# Question Video: Using de Moivre’s Theorem Mathematics

Simplify (√5 (cos (3𝜋/14) + 𝑖 sin (3𝜋/14)))⁷ (√3 (cos (5𝜋/22) + 𝑖 sin (5𝜋/22)))¹¹.

02:10

### Video Transcript

Simplify the square root of five times cos three 𝜋 by 14 plus 𝑖 sin of three 𝜋 by 14 to the power of seven times root three multiplied by cos of five 𝜋 by 22 plus 𝑖 sin of five 𝜋 by 22 to the power of 11.

In this question, we have the product of two complex numbers which are both written in polar form. To simplify these, we’ll need to use de Moivre’s theorem to help us evaluate the powers of each complex number before finding their product.
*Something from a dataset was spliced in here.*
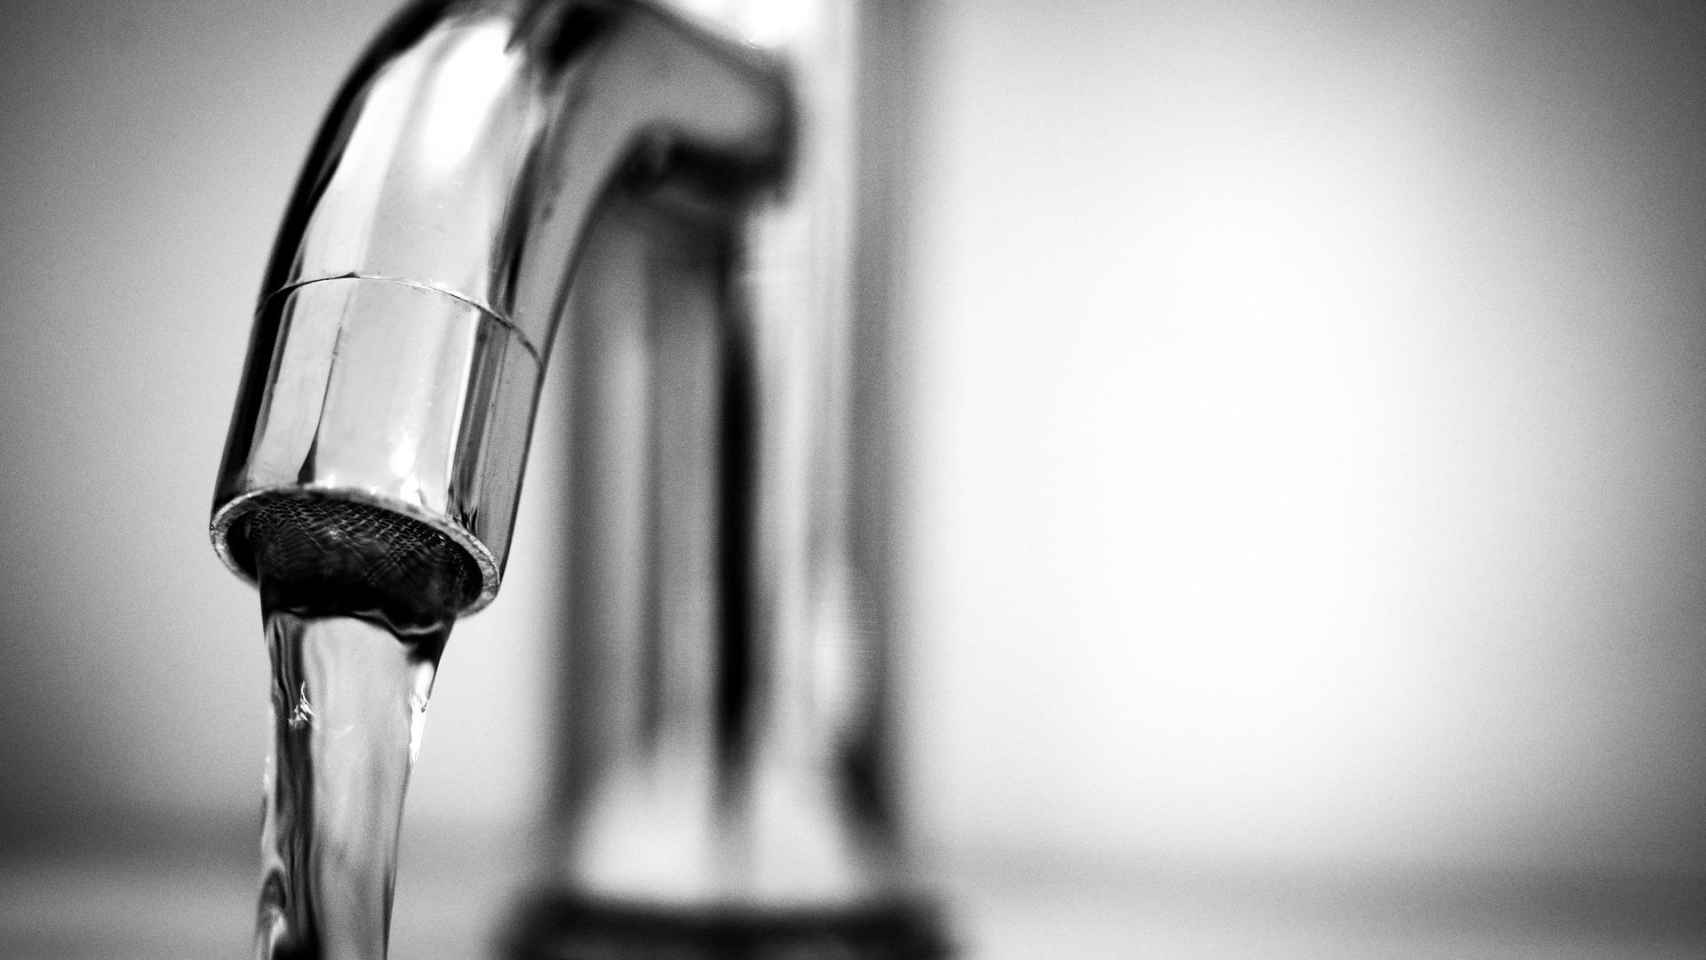 El sistema de ahorro de agua para hogares y negocios de Waisense supone un ahorro de entre 6 y 25 litros de agua cada vez que se usa el grifo de agua caliente.

Remember this theorem says that for integer values of 𝑛, a complex number written in polar form raised to the power of 𝑛 is equal to 𝑟 to the power of 𝑛 times cos 𝑛𝜃 plus 𝑖 sin 𝑛𝜃. Let’s use this to evaluate our first complex number to the power of seven.

For this number, 𝑟 is root five and 𝜃 is three 𝜋 by 14. We can rewrite this then as root five to the power of seven times cos of seven multiplied by three 𝜋 by 14 plus 𝑖 sin of seven multiplied by three 𝜋 by 14. We can simplify this and we see that the first complex number raised to the power of seven is 125 root five times cos of three 𝜋 by two plus 𝑖 sin of three 𝜋 by two. Similarly, for our second complex number, we raise the modulus which is root three to the power of 11. And we get 243 root three. And we multiply the argument — that’s five 𝜋 by 22 by 11 — and that gives us five 𝜋 by two.

Our final step is to find the product of these two complex numbers. To multiply complex numbers, we multiply their moduli and we add their arguments. 125 root five multiplied by 243 root three is 30375 root 15. And if we add their arguments, we get four 𝜋 and we can see that our complex number can be expressed as 30375 root 15 times cos four 𝜋 plus 𝑖 sin four 𝜋. Actually, we can simplify this a little bit further since cos of four 𝜋 is one and sin of four 𝜋 is zero. So our final answer is 30375 root 15.